Do you sometimes have trouble seeing how your behavior impacts others? Do you rage at your partner and after you calm down apologize and brush it off by saying, “That was my alcoholic/addict behavior?” Do you have trouble communicating your fears, disappointments and desires to your partner? Do you obsess about your ex-partner’s and your partner’s behaviors? Do you act out in relationships?
Historically treatment and recovery approaches often neglect relationships, especially the couple relationship, encouraging separate individual work only. This leaves recovering couples floundering in dysfunction; sometimes for years, trying to manage their relationship without proper tools and guidance to live successfully both as a couple and separately as individuals in recovery.
I only know a handful of folks who are happy in recovery and in their intimate relationships. Many break-up or divorce because they don’t see a way beyond the pain, frustration and addictive patterns. Others shy away from talking openly about their relationships and struggles out of fear of being judged. The majority of folks turn a blind eye toward relationships altogether. However, sex, love, intimacy, money, and relationships are highly emotional issues for individuals and recovering couples. It is the elephant in the living room.
After several devastating heart-breaks I became more and more frustrated with relationships in recovery because discussing and reading about “emotional sobriety” didn’t show me how to change my behavior. My emotions were suffocating me and the only way I knew how to get some relief was to isolate myself and create walls between me and other people.
The 12-steps and the amazing spiritual life I gained in recovery were masterful in helping to break the cycle of active addiction and recover the self that was lost during active addiction. But as a recovering person, I wanted to discover who I was “in-a-relationship.” In order to do that I needed a different perspective and a different way to understand relationships and committed partnership.
To continue to grow and heal as a recovering person, we are inevitably led back into relationships where we will meet the next significant challenge in recovery: moving from the individual paradigm (self) to the relational paradigm (self-in-relationships).
Personally and professionally Imago theory and processes gave me a new, exciting and positive perspective about relationships. It was the breath of fresh air that I needed to integrate into my journey of recovery.
I found out that Imago is highly compatible with 12-step approaches. First it offers a practical step-by-step way out of addictive behaviors and patterns, which greatly improves the quality of relationships.
Second, the Imago Intentional Dialogue parallels with the 4th and 5th steps of AA’s 12-steps. The fourth step instructs the recovering person to make a searching and fearless moral inventory.

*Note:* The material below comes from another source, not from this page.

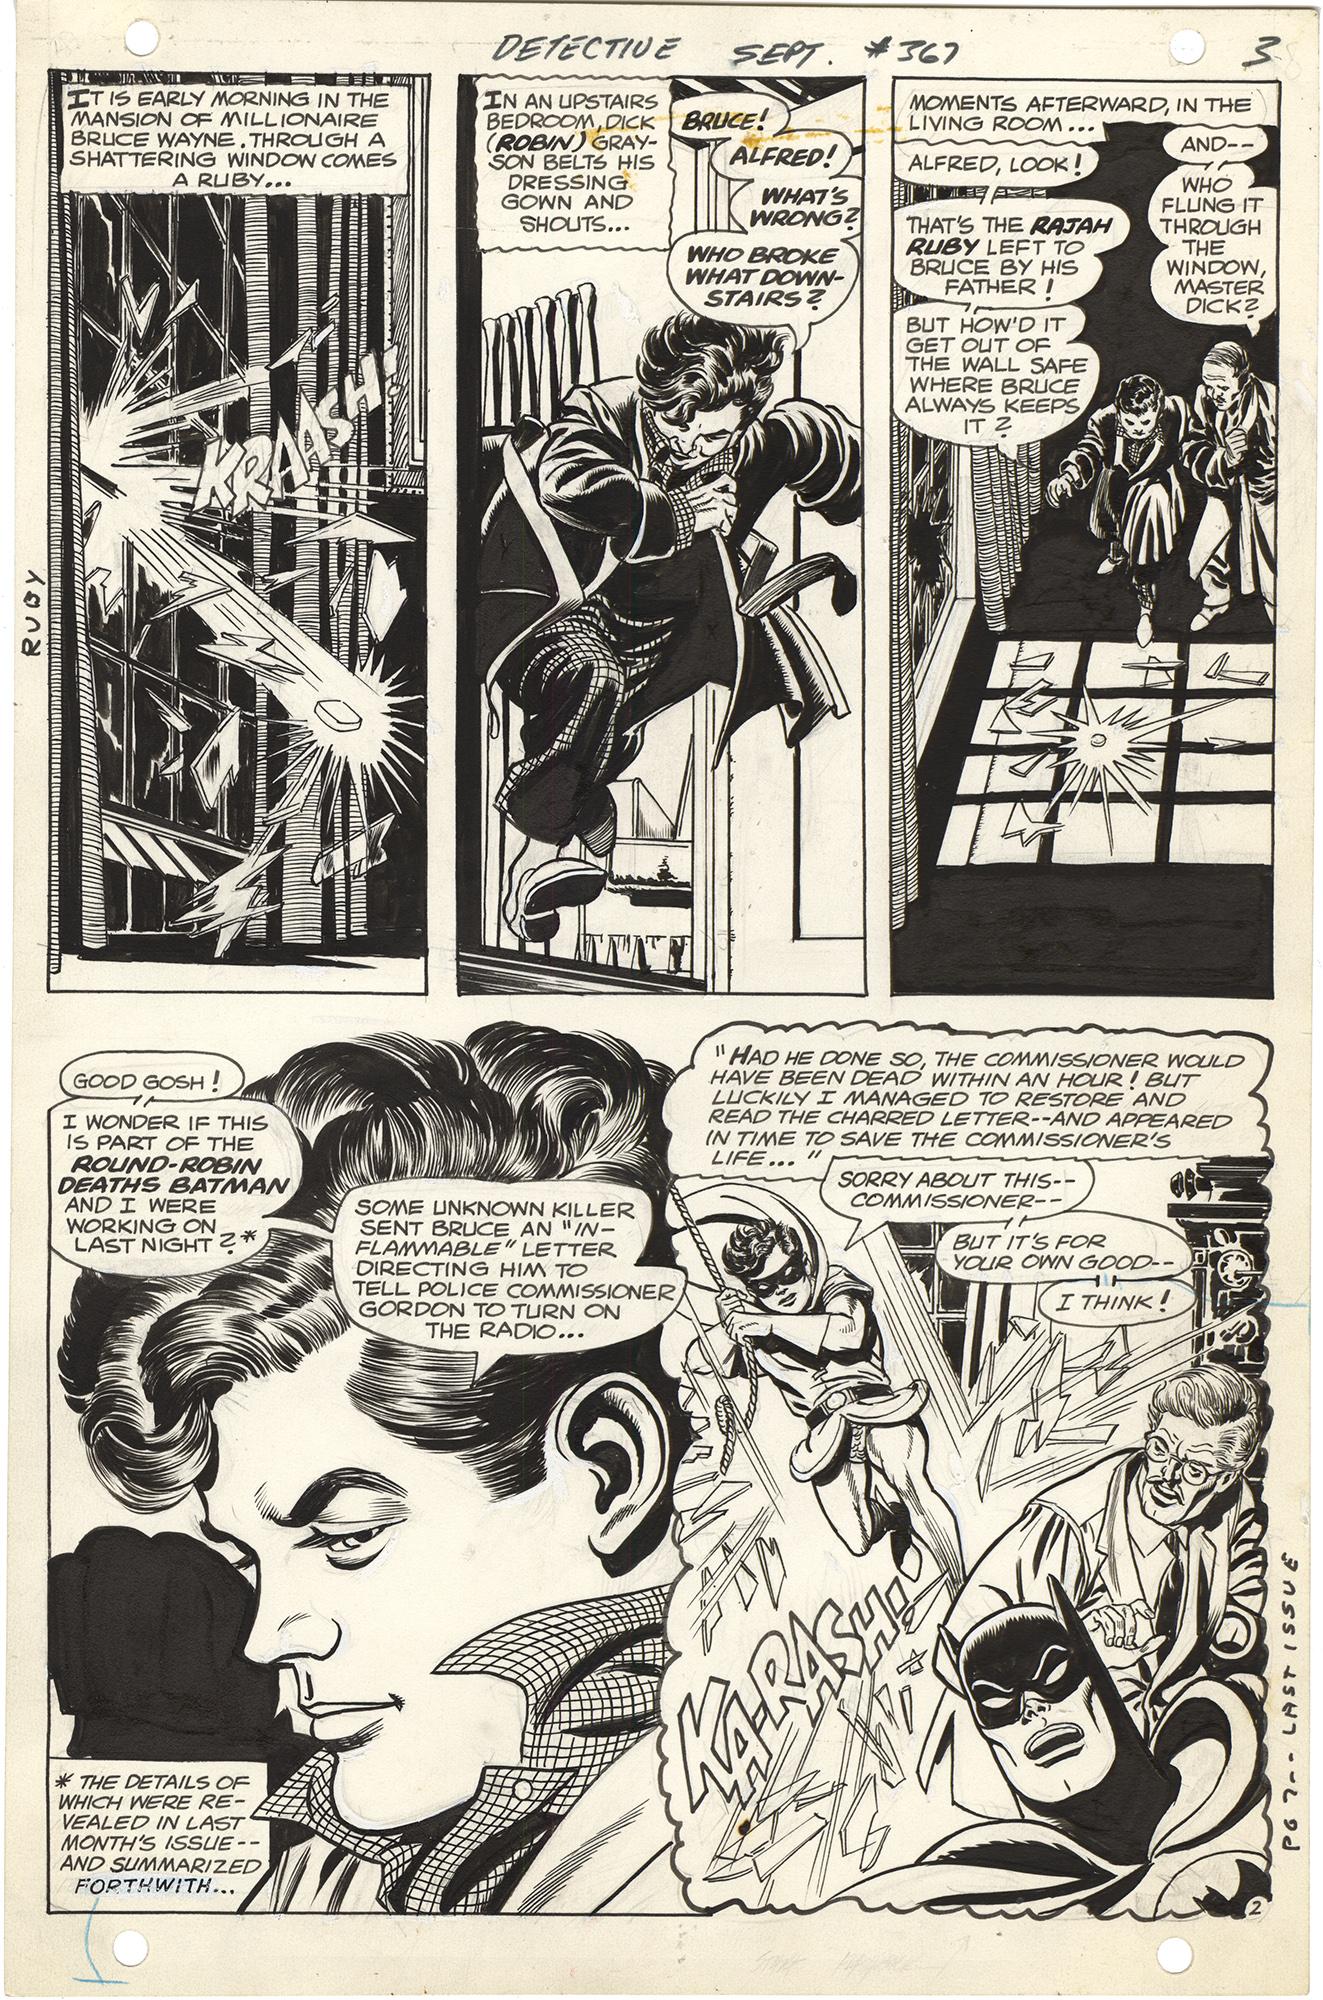 Detective Comics #367 p2

In essence, this is embodied in Imago processes: partners are asked to look inward to discover their truths, feelings, needs and desires. Then, within the safety of the dialogue, they reveal themselves fully to their partner, peeling off the layers of denial and the false self that has for so long driven dysfunction, disconnection and lack of emotional intimacy.
Third, Imago principles and philosophy are also great for deflating the egoism that can keep recovering and non-recovering couples stuck because it emphasizes the importance of understanding the uniqueness of one’s partner. In other words, neither partner is center of the universe; both bring something vital and precious to the relationship. Imago also helps recovering couples learn to comprehend differences, which ultimately leads to compassion, empathy and understanding.
After practicing Imago personally and professionally for over two decades, it continues to remind me that I may not agree with my partner, but I am capable of transcending my own point of view, so that we can become clearly defined as two separate people and stay connected. Becoming a distinct person, while remaining connected is the goal of Imago and the relational paradigm.
The first step is to embrace the relational paradigm. When the difficulties between partners are recognized as relational as opposed to separate individual issues, then that they can be removed. In other words, embracing the relational paradigm offers recovering couples a perspective about relationships that leads to building bridges, instead of turning away from each other and isolating behind walls.
Next, it is important to cease being the object of fear to our partner. Those of us who grew up in alcoholic homes learned and practiced dysfunctional relating i.e., scaring, hurting, manipulating, physical force, silent treatment, blaming, hiding, criticizing, withdrawing and raging. This does not work, and in my opinion these behavior strategies undermine the spiritual gifts and peace of mind recovery offers.
In summary, single individuals, recovering couples and non-recovering couples who are ready to address the “elephant in the living” and learn to interact emotionally in a safe, loving way and heal their relationship, Imago has a structure and a map that can be used and integrated nicely into recovery processes and in life. The only requirement is a readiness and willingness to embrace a new perspective on relationships and committed partnership. Relationships are inevitable in recovery. Imago provides a path for the journey.
Love in Connection,
Paula M. Smith, M.Div., M.A., MFT
Certified Imago Therapist |Marriage Scholar | Seminar Leader | Published Author
Person with long-term recovery
Hendrix, H. (1993). Getting the love you want: Guide for couples. London: Simon & Schuster.
Luquet, W., & Hannah, M. T. (1998). Healing in the relational paradigm: The Imago relationship therapy casebook. Philadelphia, PA: Taylor & Francis.